Random Vibration of Degrading Systems with General Hysteretic Behavior
Noori, Mohammed, School of Engineering and Applied Science, University of Virginia
Baber, Thomas, Department of Civil Engineering, University of Virginia
Eppink, Richard, Civil Engr, University of Virginia
Barton, Furman, Civil Engr, University of Virginia
Mansfield, Lois, Applied Math, University of Virginia
Three mathematical models which are capable of representing general degradation behavior of hysteretic structural elements, including hysteresis pinching, as a function of hysteretic energy dissipation are presented. Two of the models are series models consisting of Bouc-Baber-Wen smooth hysteresis with two "slip-lock" elements. One of these slip-lock elements is designated as the BN and the other one as NB model. The third model has a single form and is designated as Single Element Pinching (SEP) model.

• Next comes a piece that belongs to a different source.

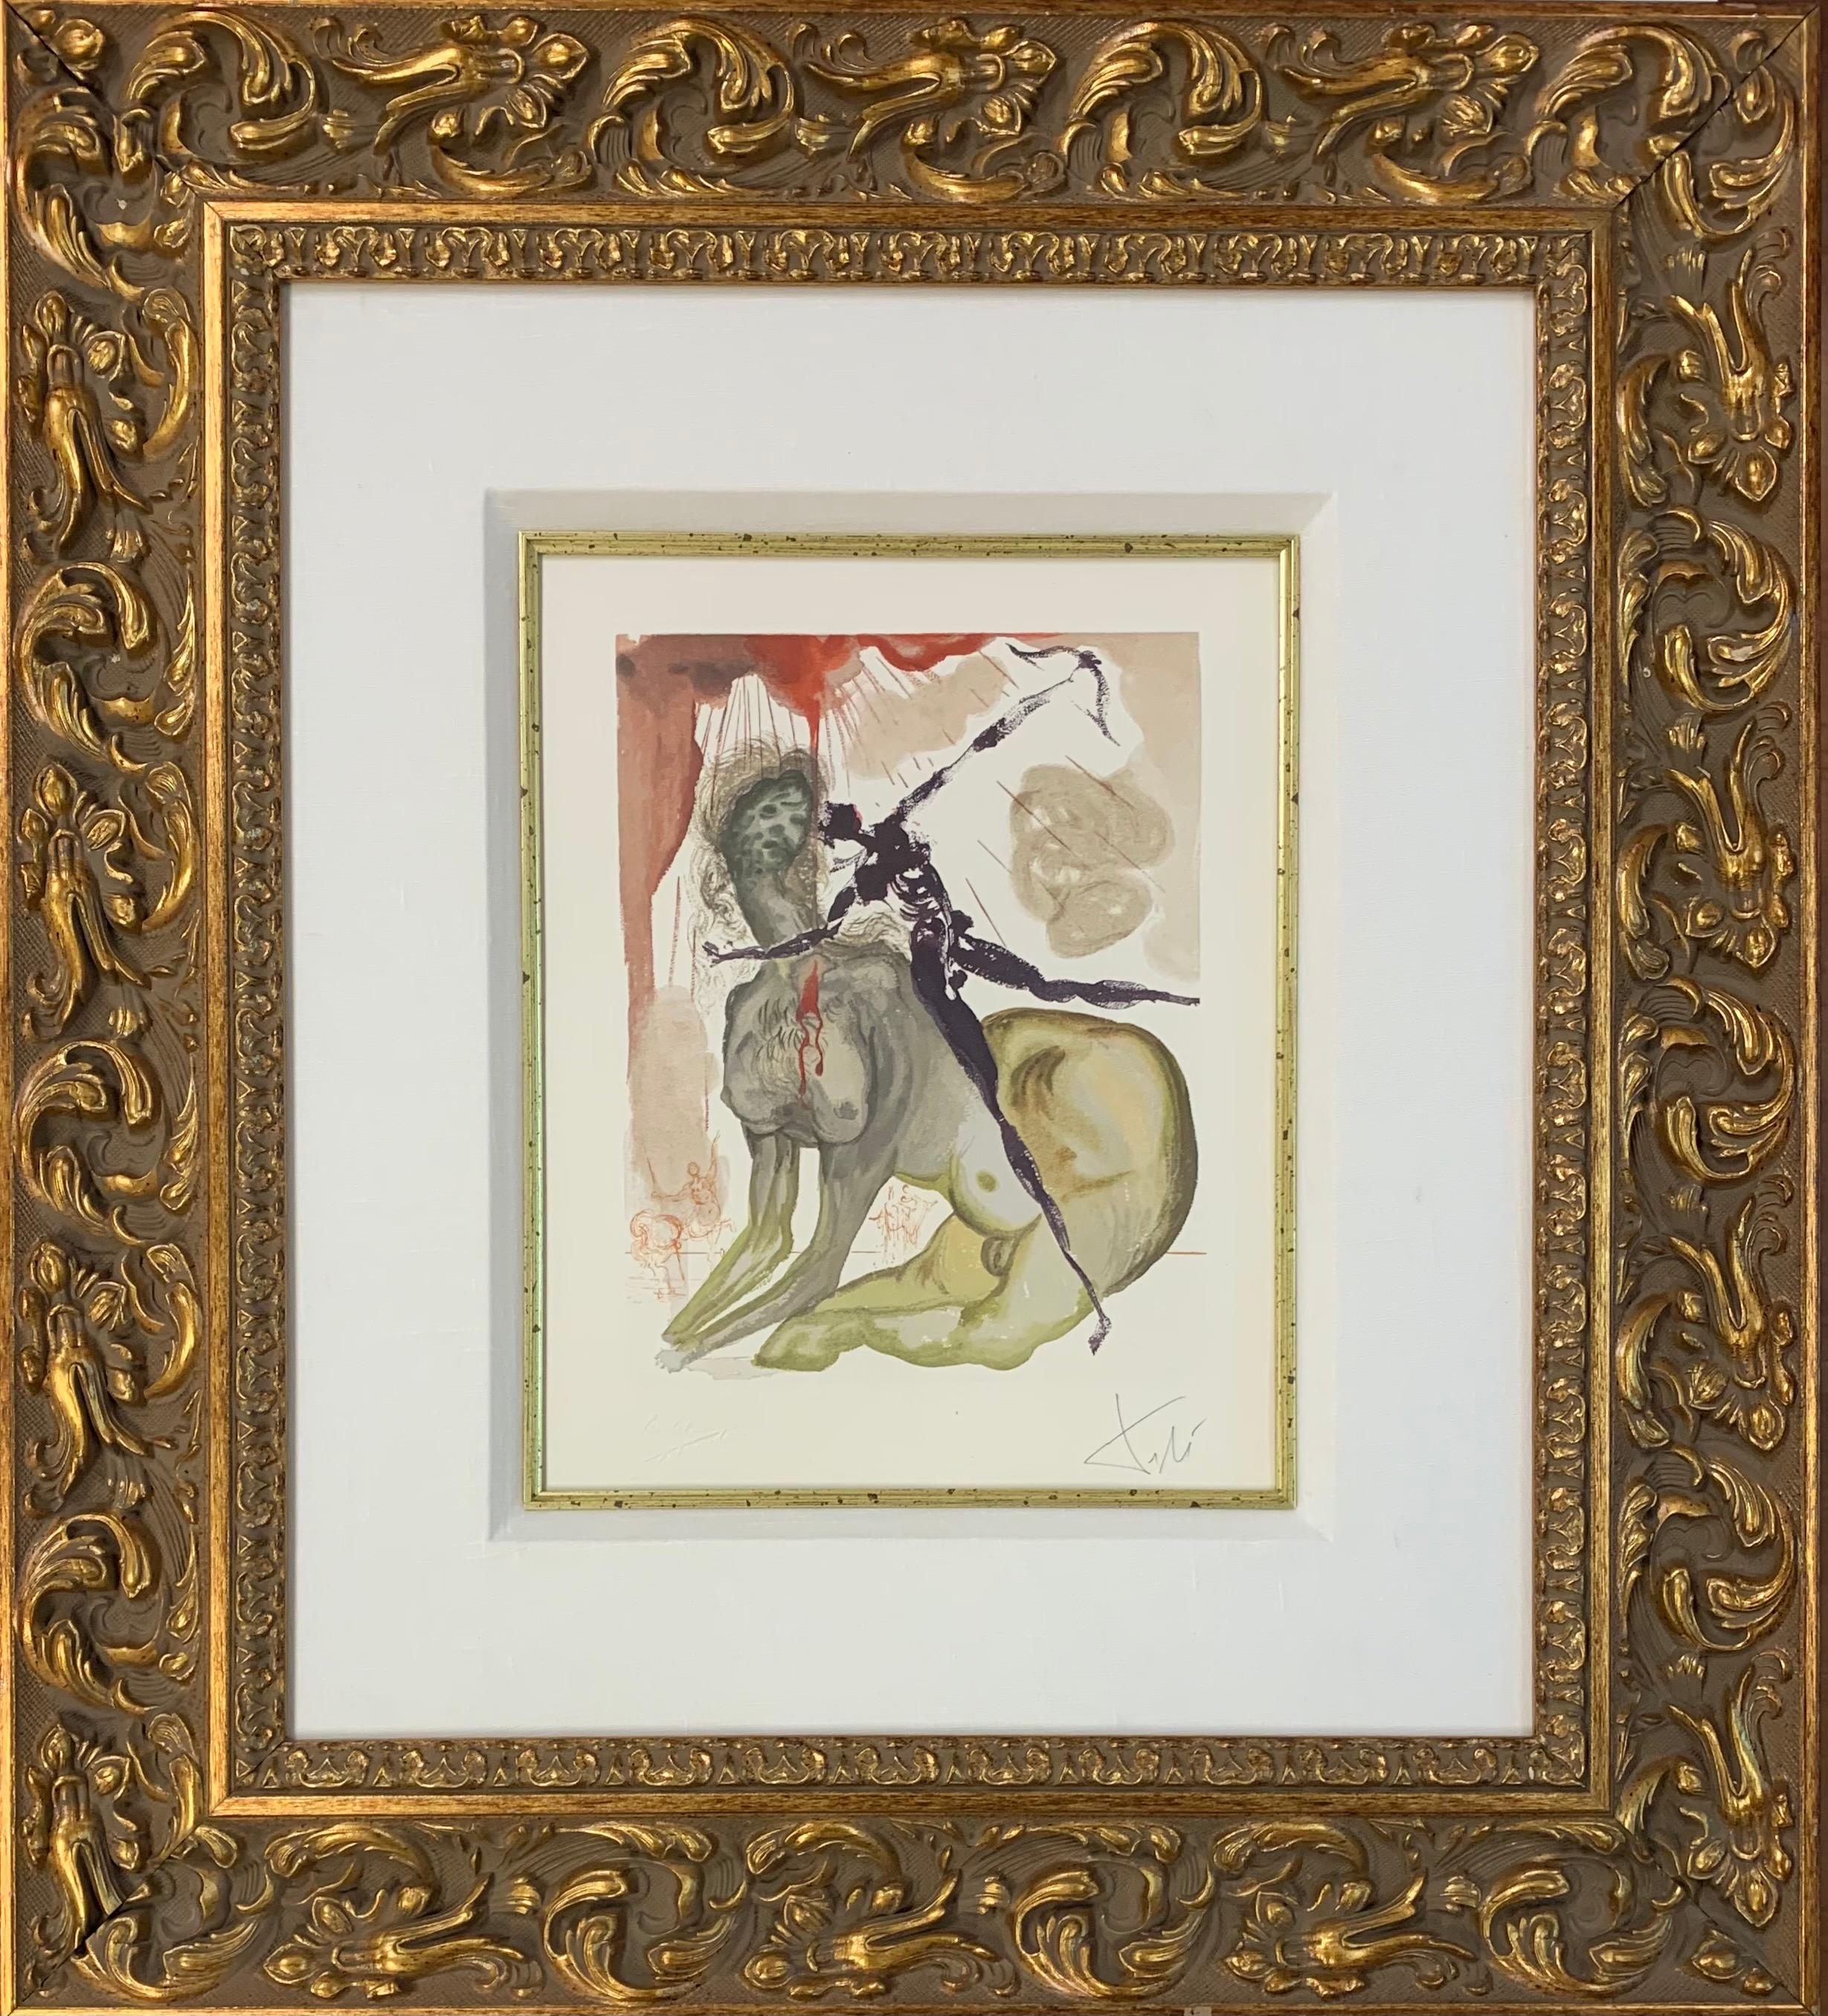 Divine Comedy, Inferno Canto 12, Original Surrealist Woodcut Print

Behavior of a SDOF system of each model under cyclic and general loading is studied and the obtained results illustrate the versatility of all three models in reproducing various types of general degradation including pinching hysteretic behavior.
With the assumption of gradual degradation equivalent linearization solutions are obtained for these models for zero mean excitation case. Linearization for BN and SEP models are obtained in closed form and for NB model linearization is derived numerically. Nonstationary RMS response statistics obtained for zero mean excitaion, compare well with response statistics computed using Monte Carlo simulation. Comparison for NB and SEP models are better than those for BN model.
Response an analysis of a SDOF system of BN and SEP model, subjected to nonzero mean input excitation is studied and approximate solutions are obtained by subtracting mean responses from the governing stochastic differential equations and then applying equivalent linearization. The response predictions of the linearized model compare well for the SEP model and reasonably well for BN model. At all levels of excitation, the linearized models predict qualitatively the response of the system.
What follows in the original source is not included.